# zFPKM Transformation
## Summary
Perform the zFPKM transform on RNA-seq FPKM data. This algorithm is based on the publication by [Hart et al., 2013
(Pubmed ID 24215113)](https://www.ncbi.nlm.nih.gov/pubmed/24215113). The reference recommends using zFPKM > -3 to select
expressed genes. Validated with ENCODE open/closed promoter chromatin structure epigenetic data on six of the ENCODE
cell lines. It works well for gene level data using FPKM or TPM, but does not appear to calibrate well for transcript level
data.
## Example
We calculate zFPKM for existing normalized FPKM from [GSE94802](https://www.ncbi.nlm.nih.gov/geo/query/acc.cgi?acc=GSE94802).
```r
library(dplyr)
gse94802 <- "ftp://ftp.ncbi.nlm.nih.gov/geo/series/GSE94nnn/GSE94802/suppl/GSE94802_Minkina_etal_normalized_FPKM.csv.gz"
temp <- tempfile()
download.file(gse94802, temp)
fpkm <- read.csv(gzfile(temp), row.names=1)
fpkm <- select(fpkm, -MGI_Symbol)
library(zFPKM)
zfpkm <- zFPKMTransformDF(fpkm)
```
The `zFPKMTransformDF` function also optionally plots the Guassian fit to the FPKM data for which the z-scores are based.

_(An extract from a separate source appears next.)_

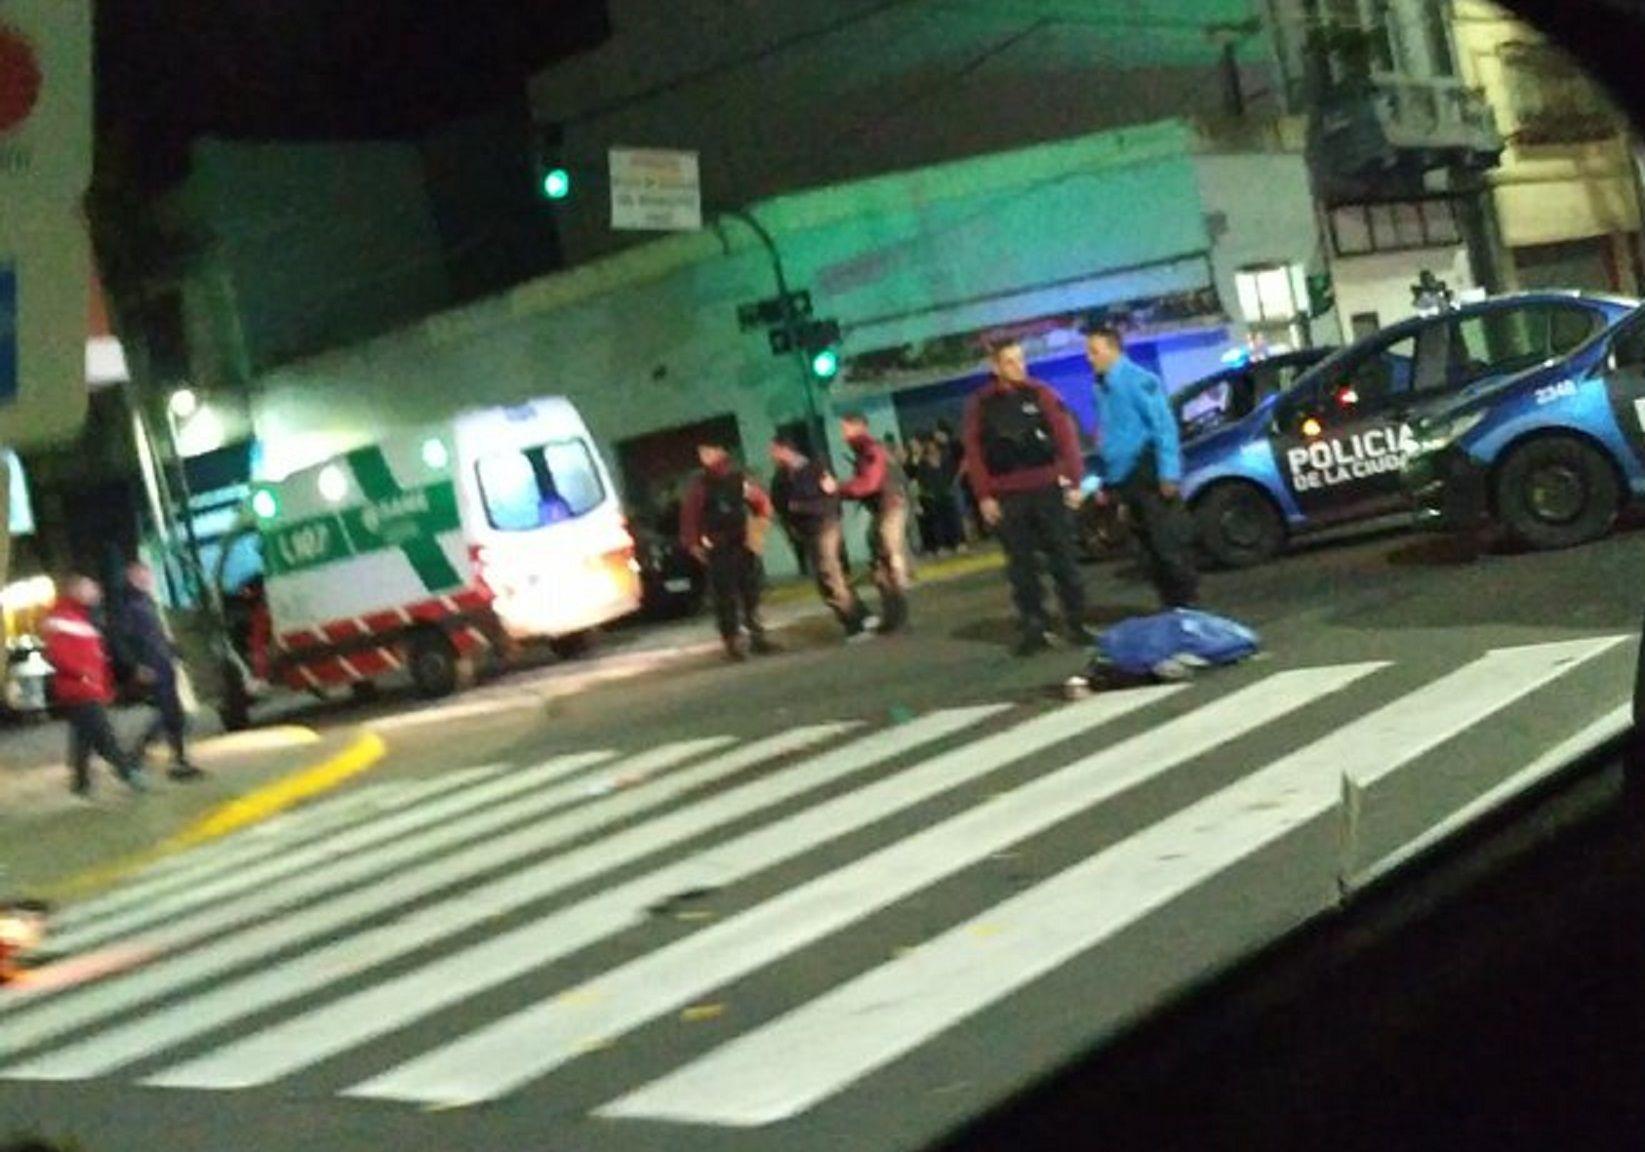 Un conductor atropelló y mató a un motociclista y huyó. Foto: @Taxivista

To determine which genes are *active* across *all* samples, we use `rowMeans()` and a zFPKM cutoff of -3, as suggested
by the authors.
```r
activeGenes <- which(rowMeans(zfpkm) > -3)
```
---
### References
Hart T, Komori HK, LaMere S, Podshivalova K, Salomon DR. Finding the active genes in deep RNA-seq gene expression
studies. BMC Genomics. 2013 Nov 11;14:778. doi: 10.1186/1471-2164-14-778.